The long, hot, seemingly endless summer of 2012 comes to an end Saturday, the day of the Autumnal Equinox when night and day are equally long.
Beginning Saturday, the nights are longer than the days for the first time since the Vernal Equinox in March. From now on, the cold bite of winter will likely be felt in the cold, darkening mornings, as shirts and shorts give way to coats and pants.
But the easiest way to know fall is here in the Eastern Sierra is the aspens. Most years, the high country is alive with blinding incandescent color: scarlet and tangerine and gold and crimson cascading down the mountains in sheets of living flame.
This year, though, is different.
Although the aspens are there—still aflame, still gorgeous—something has happened to dim their brilliance.
Driving toward Bridgeport, near the Conway Summit area you will see it—groves of aspens already devoid of their leaves weeks earlier than usual—without ever having turned to gold in the first place. Other groves—near Green Creek and Virginia Creek, near North Lake outside of Bishop—look lacy, like many of their leaves are missing or shrunk in size.
“There was a freeze in June that came just as the leaves were beginning to unfurl,” said Connie Millar, a Department of Agriculture paleoecologist who has spent many years studying trees and climate in the Eastern Sierra.
“That freeze killed many of the buds. They are very vulnerable at this time.”
Many other leaves, already more mature, turned black and curled around the edges, leaving the leaves in a kind of suspended animation where they never reached their fully mature size, she said.
The summer and fall has been windy, too, leaving some groves already leafless.
The result has been “reduced density” in many groves of aspens in the Eastern Sierra, like those beneath Dunderberg Peak (between Virginia Creek and Green Creek), where whole hillsides of aspens already look like the leafless groves of mid-winter.
To add insult to injury, the aspens also suffered another blow that might affect the color show this autumn.
“The dry winter meant some aspens didn’t get enough water for their leaves to develop their full sugar content,” Millar said. Leaves convert sunlight to sugars, which in turn nourish the tree, she said.
“There is still some confusion about the color changes of deciduous trees, but in the summer, trees absorb as much sunlight as they can and convert it to nutrients,” she said. “Day length triggers the sugars to begin to move back into the trunks and roots.”
When the green chlorophyll fades from the leaves, the colors left behind are the reds and yellows, she said.
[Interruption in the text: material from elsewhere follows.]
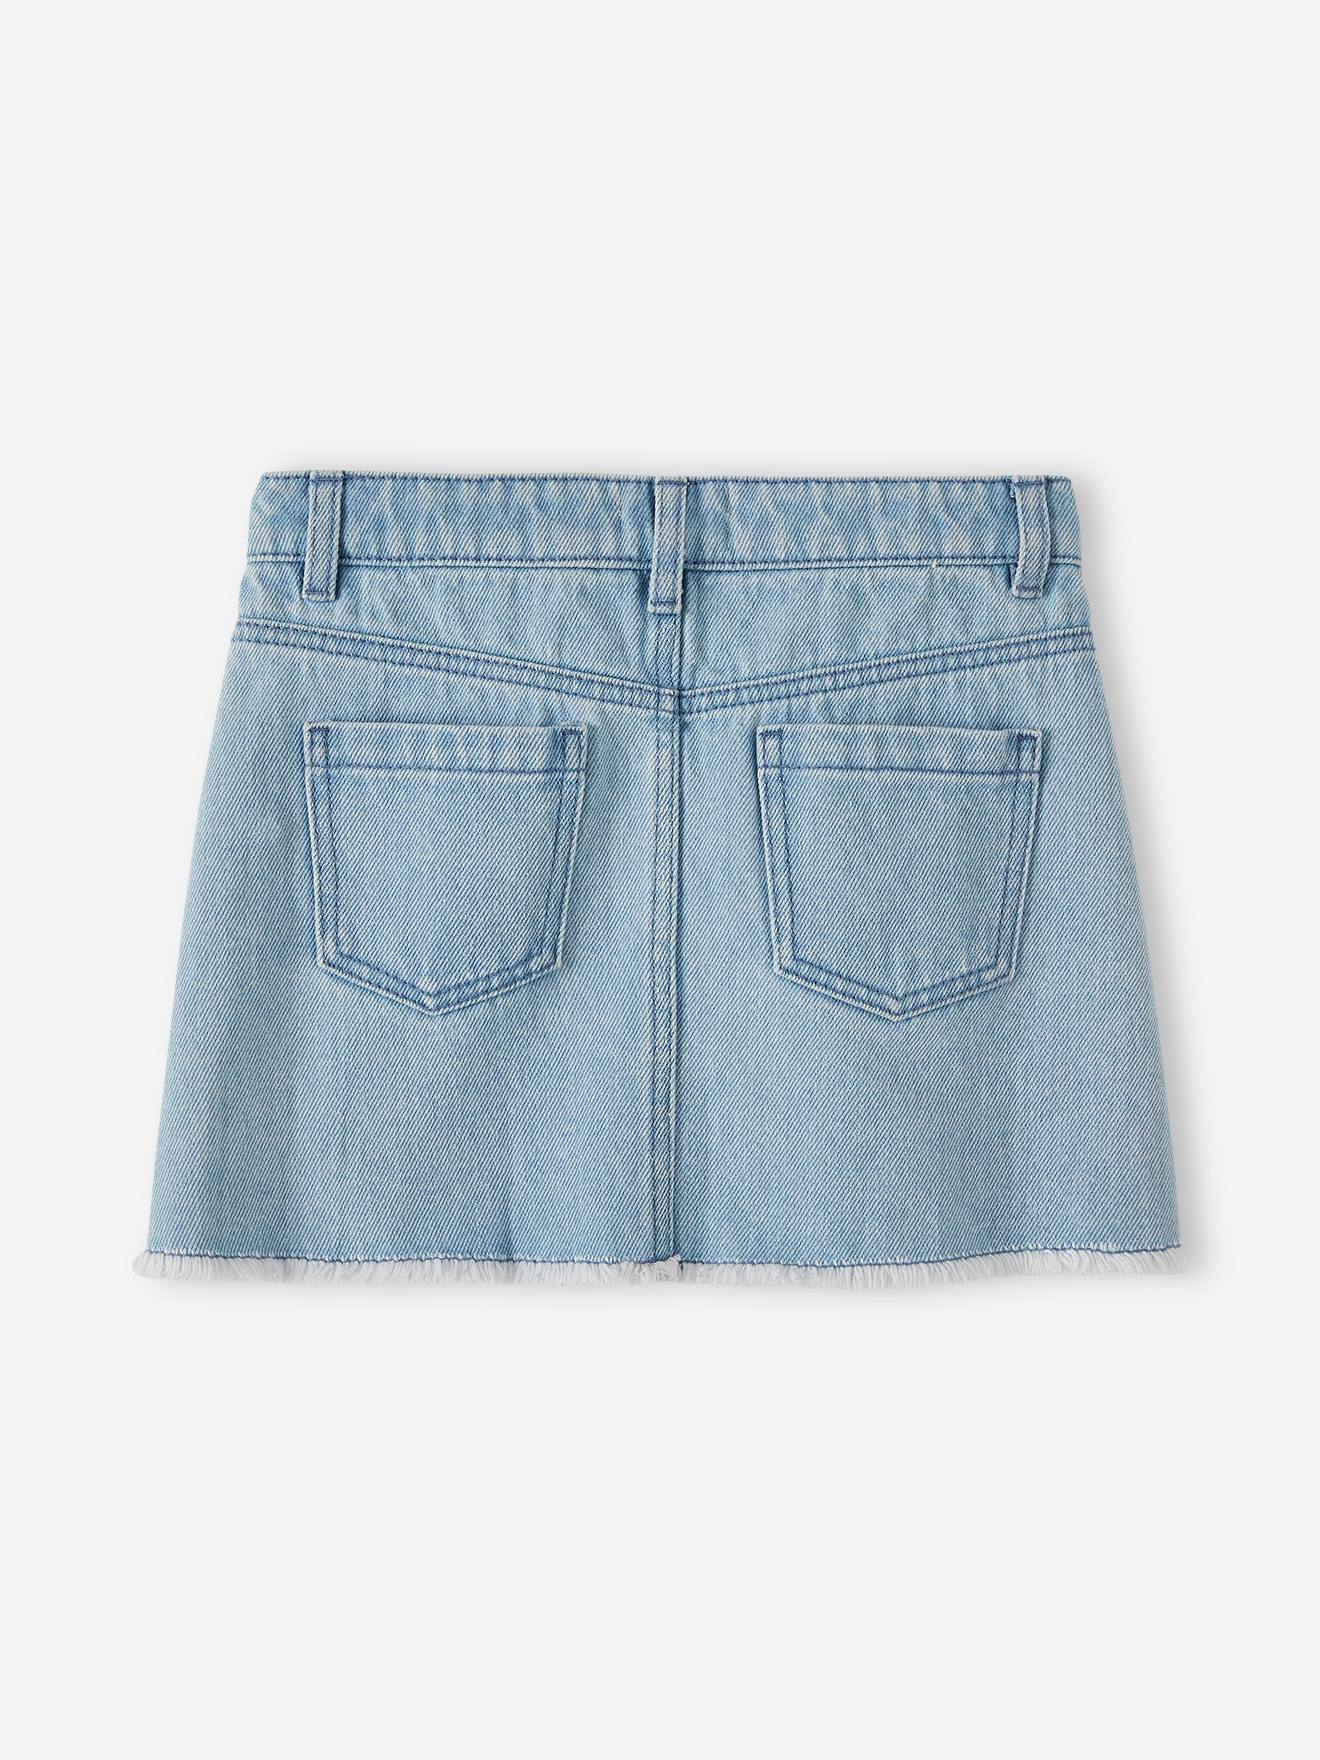 Denim Skirt with Embroidered Flowers, for Girls - bleached denim

It is possible the dry conditions this summer affected the trees’ overall health this summer, meaning the groves of aspens are less robust, which could also affect the overall density of the groves.
The good news is that the situation in the Eastern Sierra is due to specific events—in particular the June freeze—unlike the massive die-off of aspens in the Rocky Mountains, which is still poorly understood by scientists.
“This ‘Sudden Aspen Decline’ (SAD) has not been a problem for California,” Millar said. The SAD phenomenon has left large swaths of Colorado, Arizona and other Western states bereft of their aspen groves, and scientists are still unclear as to why, although some evidence points to climate change factors.
But California’s aspens are already more resilient to warming temperatures due to the state’s location.
“Our trees are already exposed to our Mediterranean climate (hot, dry summers and mild, wet winters) and that helps to insulate us, at least as of now,” she said.